(Data shown begins)

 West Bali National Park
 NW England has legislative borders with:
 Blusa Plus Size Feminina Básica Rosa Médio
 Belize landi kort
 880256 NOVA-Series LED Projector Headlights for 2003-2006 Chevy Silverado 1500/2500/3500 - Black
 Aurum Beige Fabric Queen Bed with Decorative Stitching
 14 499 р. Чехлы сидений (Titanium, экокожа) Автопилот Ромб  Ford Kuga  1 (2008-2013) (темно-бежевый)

(Data shown ends)

Description of the task:
Return a copy of each line in the records above that has "with" in it.

Output for this task:
 NW England has legislative borders with:
 Aurum Beige Fabric Queen Bed with Decorative Stitching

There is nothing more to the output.